The precursors of class I fusion proteins are synthesized in the ER, where they receive initial N-glycosylation and undergo protein folding and trimerization.  However, the majority of these viral proteins are misfolded,  and the elevation of misfolded proteins not only induces ER stress but also triggers their degradation by different mechanisms.  We reported that these viral glycoproteins are new clients for class I α-mannosidases such as MAN1B1, which select substrates for ER-associated protein degradation (ERAD). We also reported that ER chaperones such as calnexin, calreticulin, and PDIA3 target Ebola virus glycoproteins to reticulophagy via K27-polyubiquitination. Currently, we are investigating the molecular mechanisms of how reticulophagy selectively targets these viral glycoproteins.

Properly folded class I fusion proproteins exit the ER and enter the Golgi to undergo maturation. High-mannose type N-glycans are processed into complex-type and hybrid-type N-glycans, and O-glycans are further added to these proteins. Furin further cleaves these proproteins into the surface receptor-binding and the transmembrane fusion subunits. We reported that MARCHF8, an E3 ubiquitin ligase, blocks these maturation steps to inhibit viral infection.  Currently, we are investigating how MARCHF 2, 8, and 9 proteins inhibit the N- and O-glycosylation and the furin activity.  Furin primarily localizes to the trans-Golgi network (TGN), where it cleaves and activates a wide range of immature proproteins that play essential roles in cellular homeostasis, disease progression, and infection. Furin is retrieved from endosomes to the TGN after being phosphorylated. However, it is still unclear how furin exits the TGN to initiate post-Golgi trafficking and how its activity is regulated in the TGN. Thus, MARCHF proteins provide a great tool to address these outstanding questions.

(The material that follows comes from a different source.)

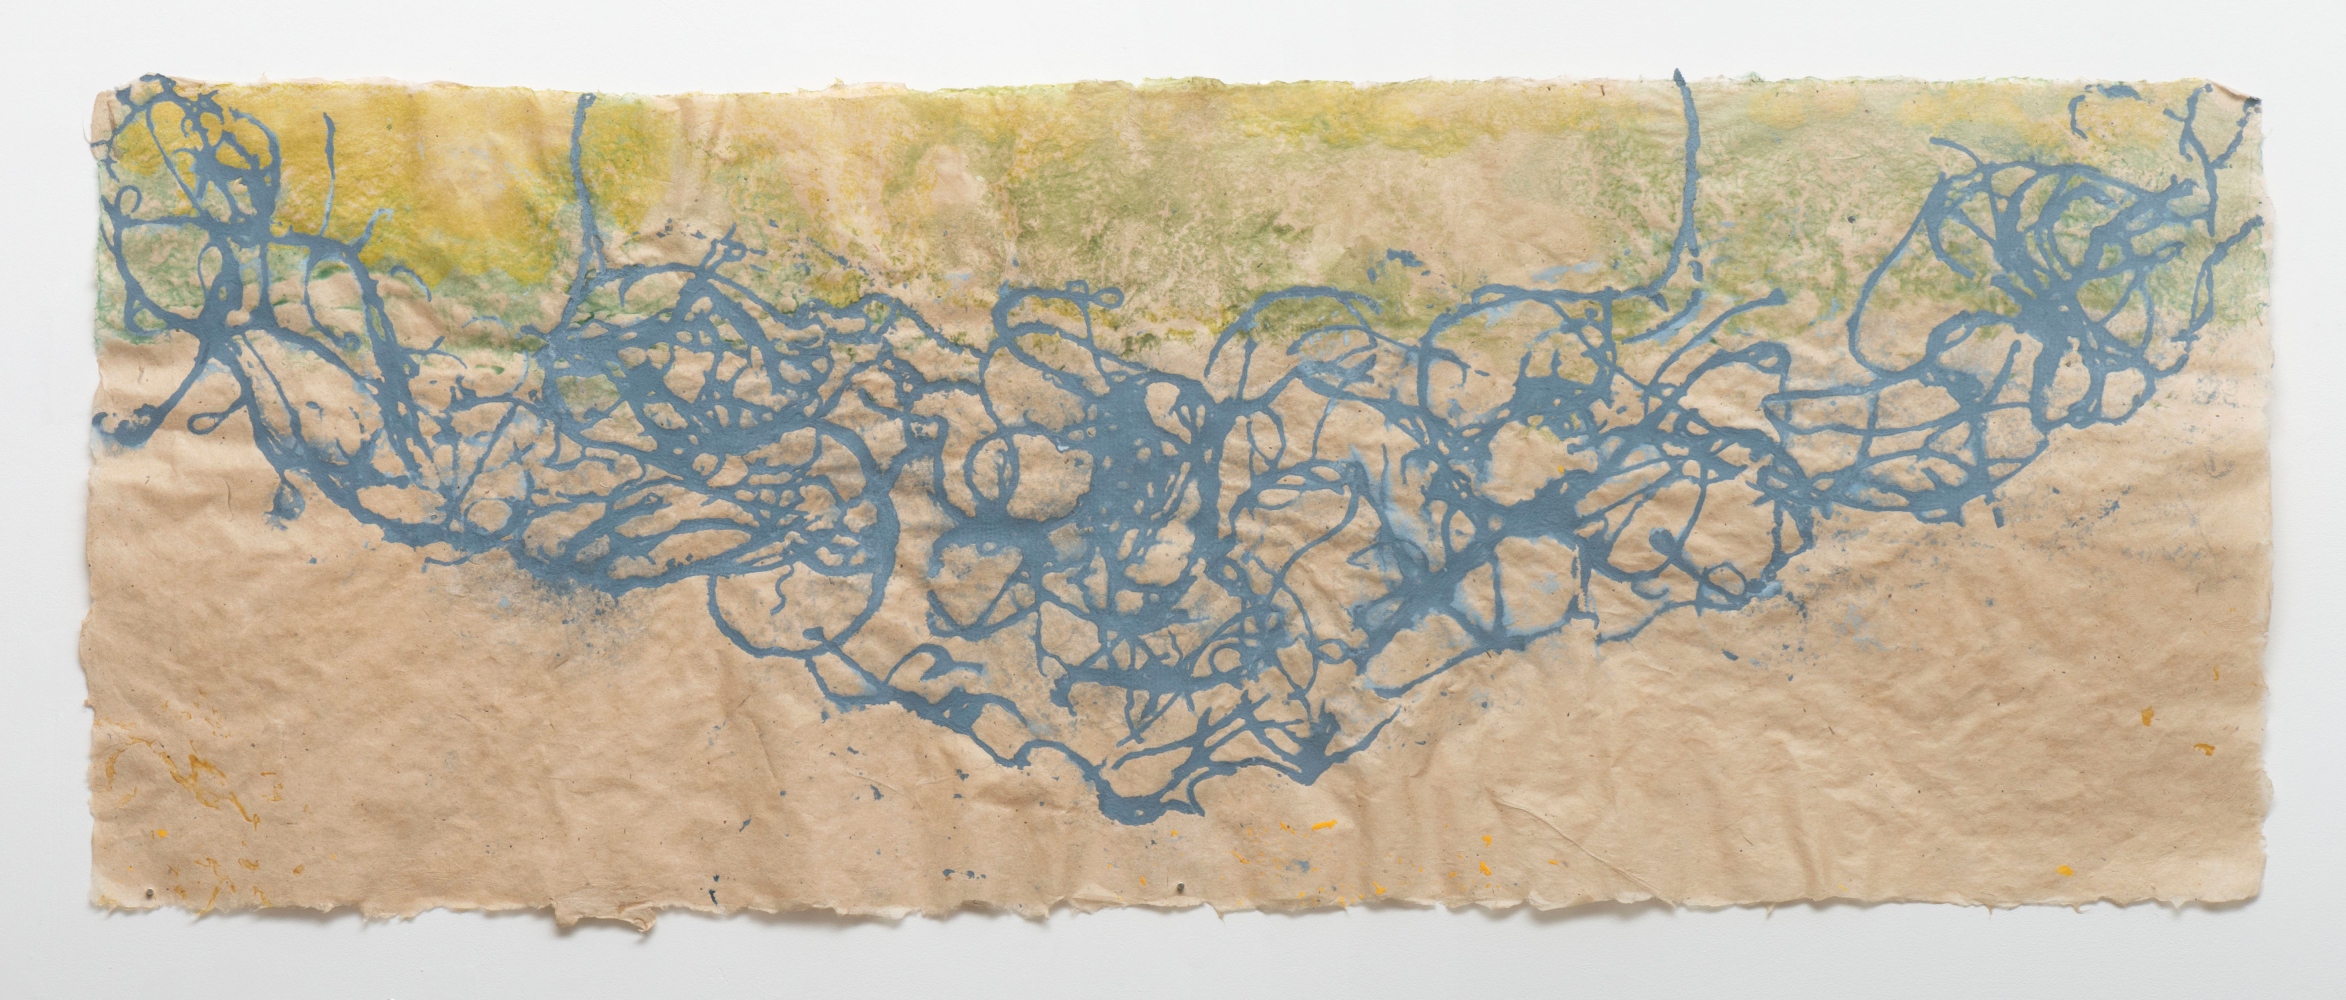 curvy blue lines crisscrossing tan colored paper

Serine incorporator 5 (SERINC5) is a multipath transmembrane host restriction factor, which is incorporated into virions from the plasma membrane and inhibits viral entry. This SERINC5 activity is antagonized by different retroviral accessory proteins including HIV-1 Nef, MLV glycoGag, and EIAV S2. We reported that SERINC5 disrupts HIV-1 Env trimer formation to inactivate the Env activity, and these accessory proteins degrade SERINC5 via the endocytic pathway. However, the precise SERINC5 antiviral mechanism and the viral antagonism are still unclear. Currently, we are investigating how SERINC5 travels to the cell surface from the TGN for incorporation. We reported that SERINC5 undergoes K33-polyubiquitination by Cul3/KLHL20 E3 ubiquitin ligase, which is required for its post-Golgi trafficking. We are also investigating how SERINC5 is internalized from the plasma membrane, which excludes SERINC5 from incorporation into virions. We reported that SERINC5 is phosphorylated by CCNK/CDK13, which is required for its endocytic degradation by Nef. We will continue to address these outstanding questions to elucidate the important role of SERINC5 in retroviral infection.

SARS-CoV-2 entry requires not only the cell surface receptor ACE2, but also two cellular proteases TMPRSS2 and CTSL  to further cleave its spike proteins on the cell surface or in late endosomes. However, the precise entry mechanism still needs to be elucidated. Recently, we reported the identification of Tubeimosides as potent Ebola virus entry inhibitors by targeting its receptor NPC1 from screening a natural compound library. Surprisingly, we found that Tubeimosides also inhibit SARS-CoV-2 entry at the same potency, which led us to investigate the role of NPC1 in SARS-CoV-2 entry. After knocking out NPC1 by CRISPR/Cas9, we found that NPC1 is required for SARS-CoV-2 entry and infection in both TMPRSS2(-) and TMPRSS(+) cells. These results demonstrate that the endocytic entry route plays a predominant role in SARS-CoV-2 infection. Currently, we are investigating how SARS-CoV-2 spike proteins interact with NPC1 and how NPC1 triggers the membrane fusion in late endosomes for infection.